The attacker only knows the data distribution used to train the target recommender system but does not know the specific recommendation algorithm. Under this assumption, the attack performance decreases but remains strong. For example, in the ADM dataset, when the target system uses the Item algorithm and the shadow system uses the LFM algorithm, the AUC drops from 0.926 to 0.843, showing the impact of data distribution similarity on the attack.

# Assumption III

The attacker only knows the data distribution used to train the target recommender system but does not know the specific recommendation algorithm. Under this assumption, the attack performance decreases but remains strong. For example, in the ADM dataset, when the target system uses the Item algorithm and the shadow system uses the LFM algorithm, the AUC drops from 0.926 to 0.843, showing the impact of data distribution similarity on the attack.

# HyperParameters

In this paper, the impact of hyperparameters on the success of the attack is reflected in the following aspects:

1. Number of recommendations (k): With more recommended items, the attack model gains more information, but performance improvements cease when the number is large enough.
2. Length of feature vectors (l): Longer feature vectors provide more dimensional information to the model, but after a certain point, further increasing the length no longer significantly boosts performance.
3. Weights of recommended items: When considering the order of items in the recommendation list, attack performance significantly improves. Items at the front of the list are more likely to be accepted by users, and assigning higher weights to these items enhances the effectiveness of the attack.

# Defence

# Popularity Randomization

non-members are provided with the most popular items. As a result, feature vectors of non-members are extremely similar and easily distinguished from members. To fix this problems, the paper bring forward the popularity randomization.
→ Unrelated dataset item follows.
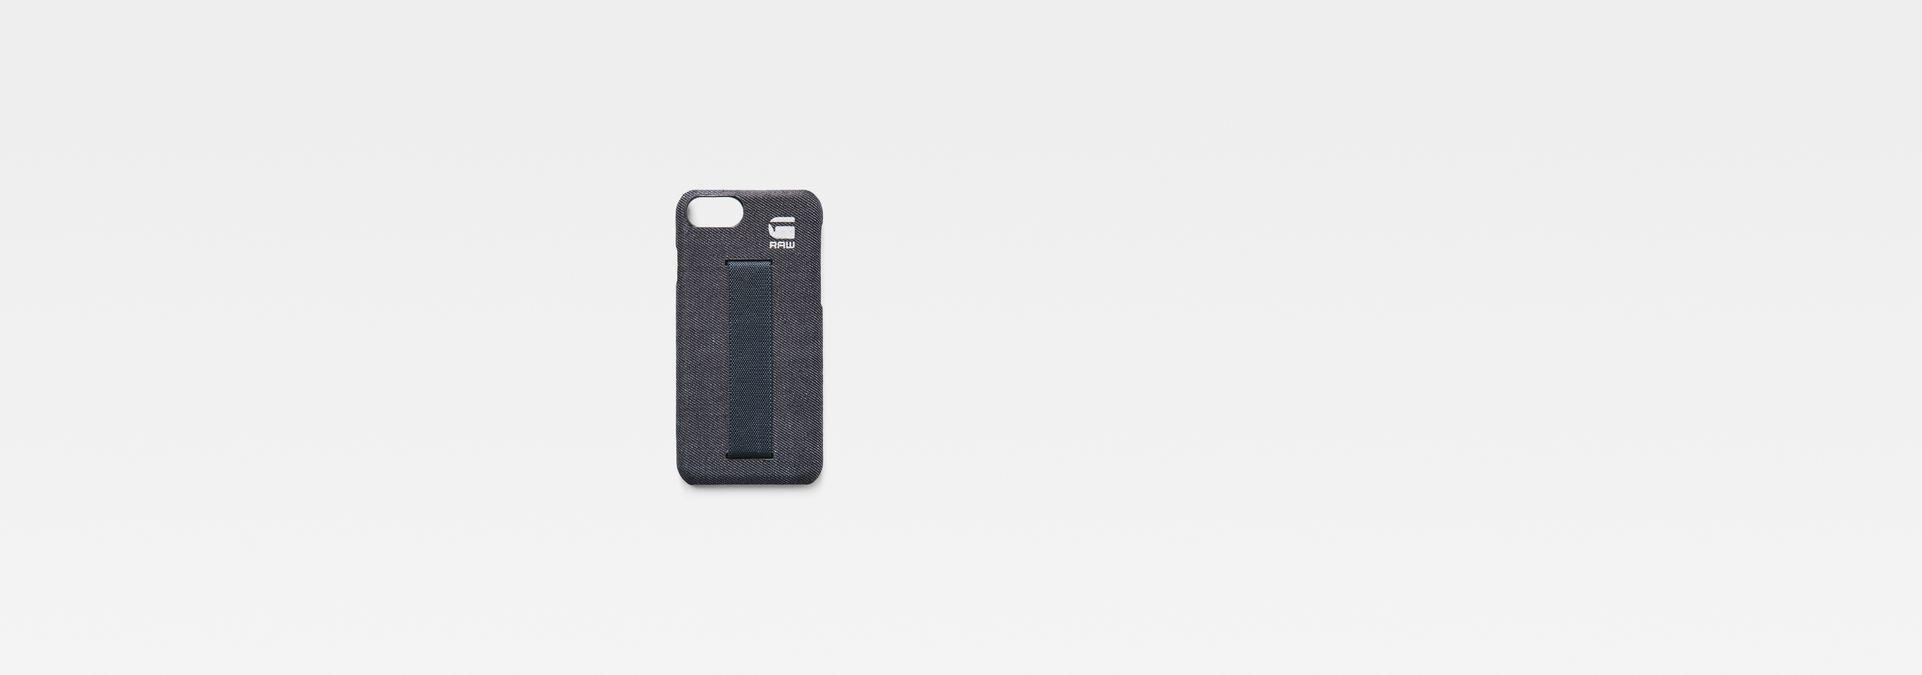 G-Star RAW Case For iPhone 6/7 | Indigo | Men | G-Star RAW®

By selecting candidates from the most popular items randomly to make the target vectors harder to be distinguished.

# Evaluation results

The figure of the test result shows that when using the popularity randomization, the AUC rate was apparently downed for most of the data sets, and some of them even close to 0.5, which is nearly close to random guessing.
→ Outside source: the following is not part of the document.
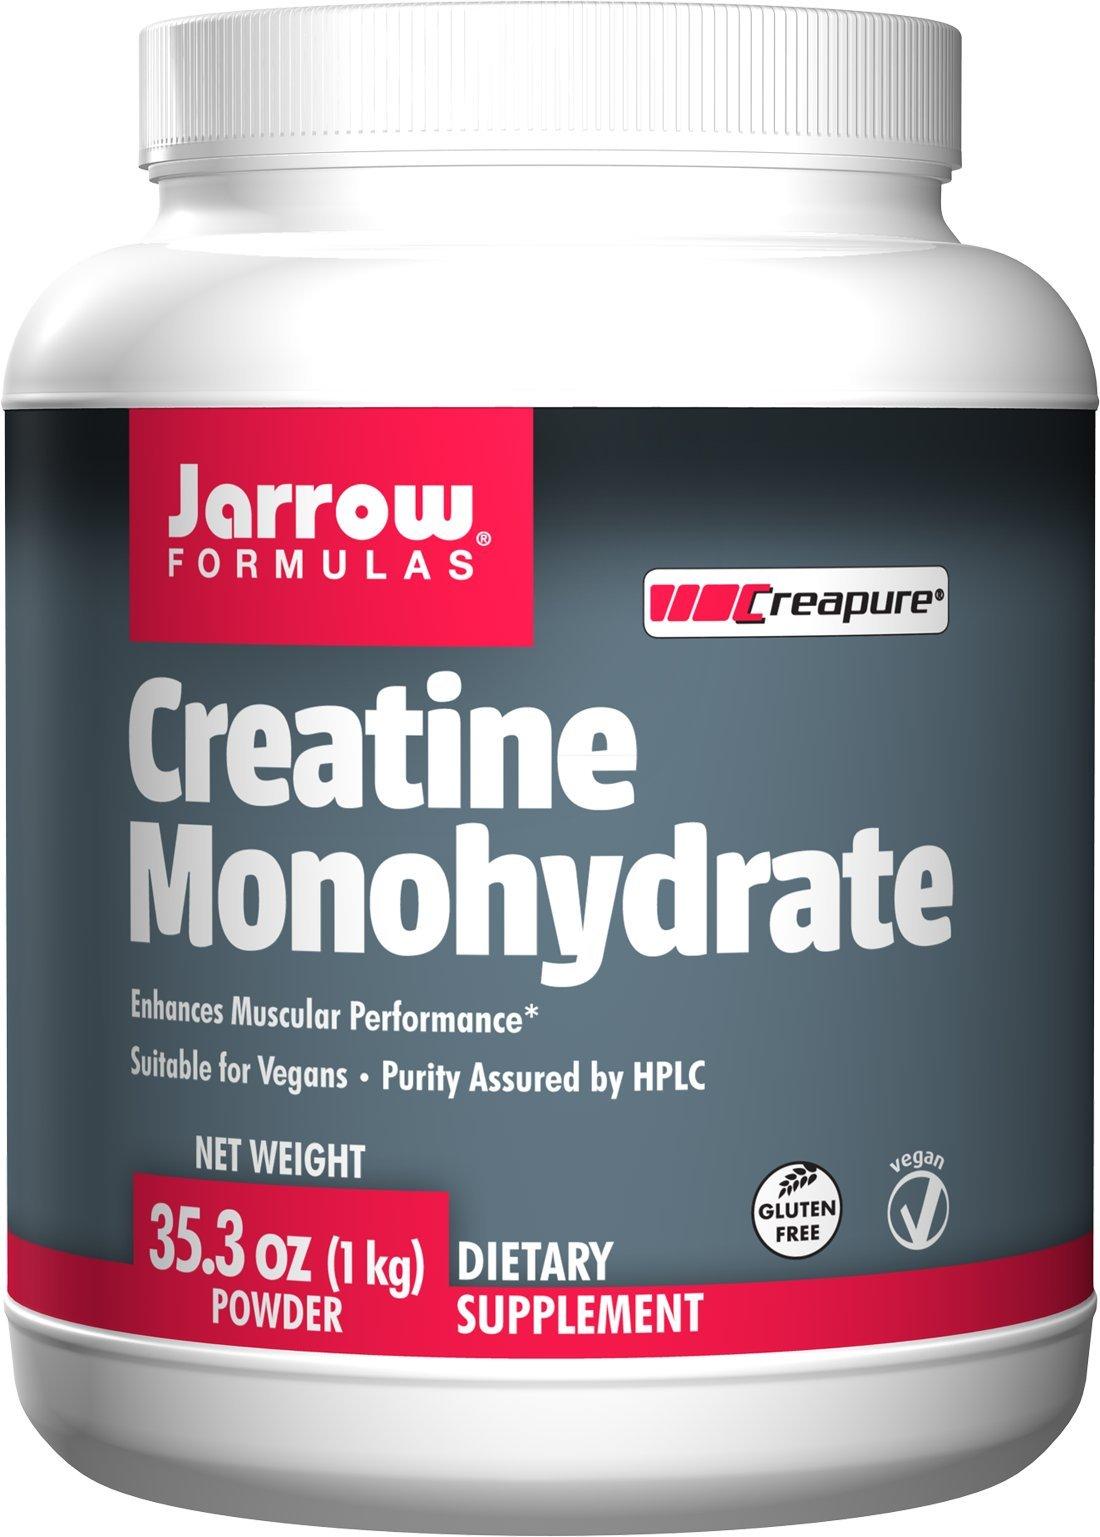 Jarrow Formulas - Creatine Monohydrate Powder -  35.3oz (1 kg)

# Discussion and conclusion

# The Factors for effects of attacks

1. The Choice of Datasets: The dataset with a denser user-item matrix leads to better attack performances. Attack models works better in the datasets with rich informations.
2. The Selection of Recommendation Algorithms: The recommender system with simple model structure is easier to be attacked. Compare with more complex algorithm,LFM has higher model complexity, which makes it harder to attack.
3. Distributions of Generated User Features: When the distribution of user feature vectors generated by the shadow recommender system closely matches the target system, attack performance improves. The similarity between target data and target data is crucial for boosting attack effectiveness.

# Conclusions

# Effectiveness of the Attack:

The proposed membership inference attack model demonstrates strong performance across various recommender systems and datasets. Even with limited knowledge, the model can effectively infer user membership.

# Proposed Defense Mechanism

To mitigate the attack, the authors introduce the “Popularity Randomization” defense mechanism. Experiments show that this defense significantly reduces the success rate of the attack, especially in complex models like Neural Collaborative Filtering (NCF).

# Future Work

The paper suggests further exploration of more effective defense mechanisms against such attacks and expanding the application of similar attacks and defenses to other machine learning models.